A blackness and yet the blackness was alive, more alive than you could begin to imagine.

It was utterly silent yet sang with a multitude of voices and all at once.

It was utterly nothing, and yet it was everything at all, everything that had ever been, everything that was ever to come, all at the same time, everywhere and nowhere at the same time, the smallest and the largest all the same and my mind whirled helplessly, trying to find something to hold on to, some way of making sense of this, some way of stemming the flood of information about everything and yet at the same time, hungrily drawing it in an alien way, a way that was familiar yet made no sense to me whatsoever.

I cannot know about the passing of time – was I in this space for a heartbeat or a million years? – but I could not cope with it any longer and desperately struggled to break free, aided in my endeavour by a calling of my being from the other side, from the side of sense and comfort and control, and I snapped back into awareness, not by the pool, not in Serein, but lying on my side, gasping, with blood pouring from my nose like a fountain, by the side of Lucian’s bed in the cavalry officer’s sumptuous quarters.

I ripped off the borrowed shirt and used it to press against my nose, laid my head back and stretched out on the carpet, making myself breathe regularly and deeply beneath the white cloth that was turning red and warm and moist beneath the  pressure of my hands upon it.

Finally, the bleeding stopped and I carefully removed the shirt, testing with my fingertips, and lay for a while longer whilst I tried to ascertain what had happened and what I should be doing next.

Lucian was sleeping, dreamlessly. Poor thing. He deserved rest. I did not have the heart to wake him, yet I also did not have the heart to go to sleep myself as well, much as I wanted to.
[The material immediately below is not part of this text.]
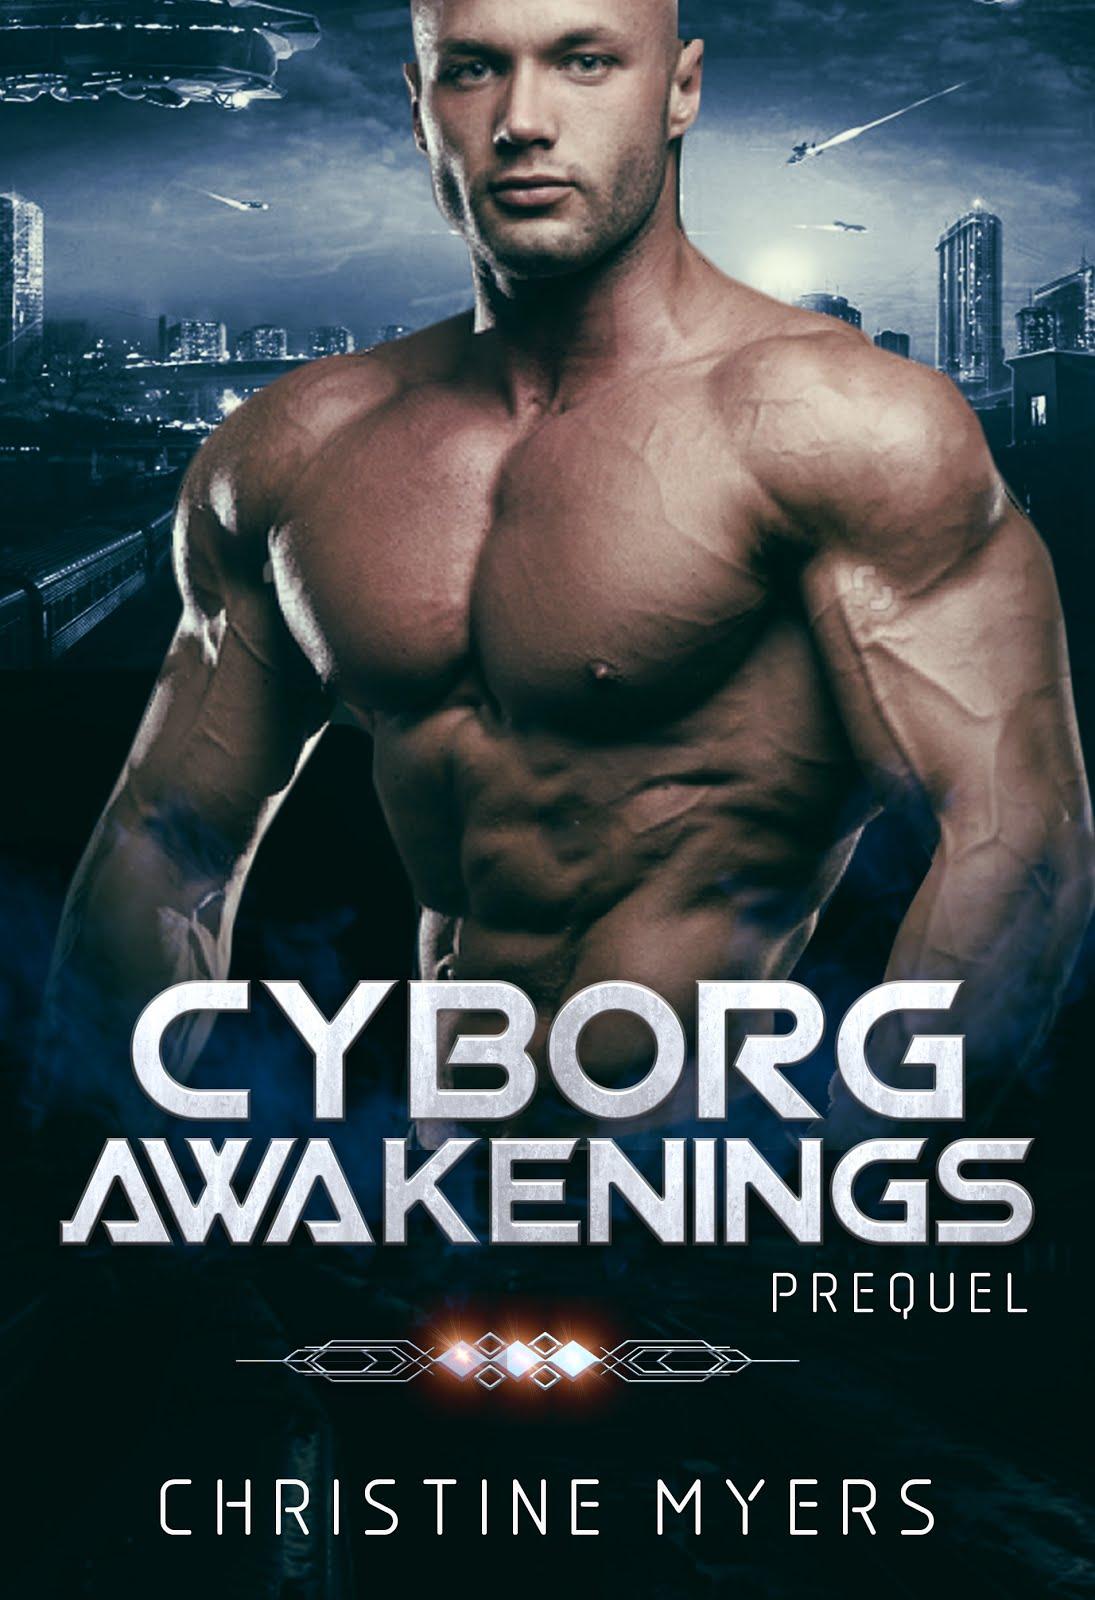 Cyborg Awakenings Prequel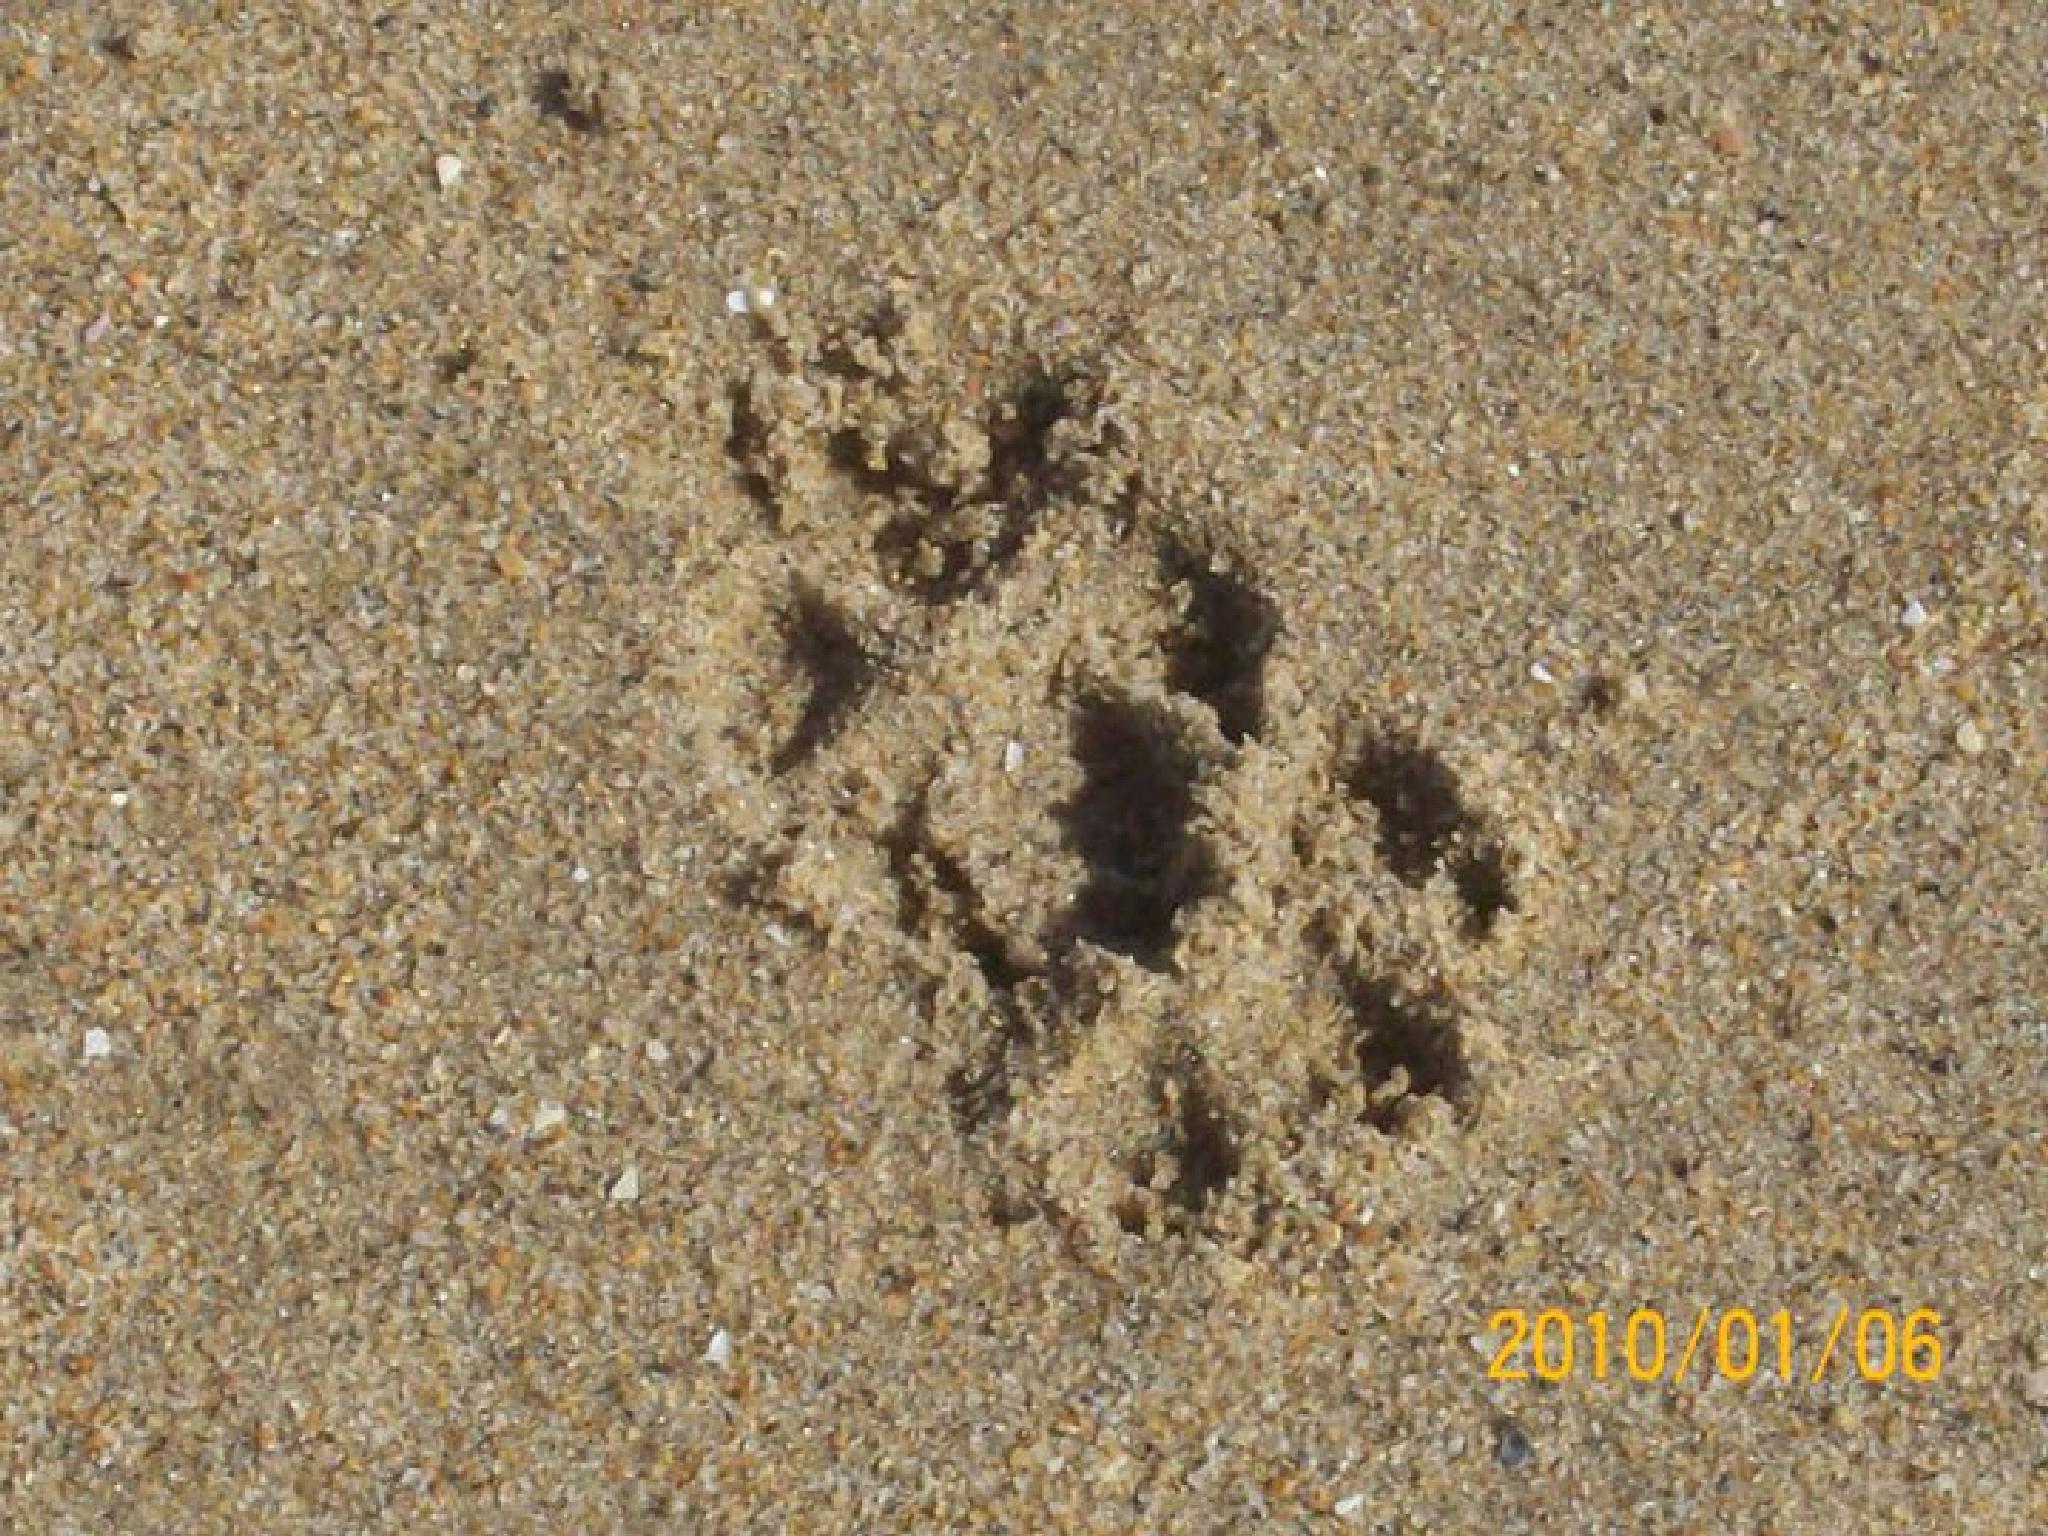 Footprints by Geanine McDonald

I was far too afraid.

Cautiously, I sat up, bare chested and light headed.

On the table, there was still some food, long cold and beginning to dry around the corners, and the wine. I cautiously crawled across on all fours, keeping care to hold my head most carefully still; then rotated my body around it and sat down, cross-legged and drank the remainder of the wine.

Slowly, as I sat and from beyond the window, night was marching forward steadily, vague understandings began to form as to the nature of this strange space I had visited. These vague understandings were knowings that I had acquired but they were so – different, that was the only word I could think of to describe them, that I could not understand how to decode them so I would know to understand what I had learned.

It got to be cold in the room, and I had no heart for a magic fire. Instead, I pulled up one of the soft, thin carpets that covered the floor and wrapped it around me like a blanket, closed my eyes and continued the task of somehow understanding the messages from the black space where neither patterns, words nor pictures were used to transmit their information.

It was like chasing your own shadow. The more I tried, the less sense any of it made and my tired, aching brain, slopping wearily and painfully against the inside of my skull with every heartbeat.

It was hopeless.

Finally, I gave up and woke Lucian with a gentle touch that grew increasingly desperate as he was determined to ignore me and stay in sleep, in restoration.

He finally awoke and stretched and yawned and sought me with his sleepy mind, made contact and shot aware in an instant.

“What are you doing? What’s been happening? What time is it?”

His flood of questions were more than I could take and I just asked him to take his turn on guard duty and to discuss these things when I felt a little better. I remember him sliding off the bed and coming across to me, his scent and presence strong about me, and that was all.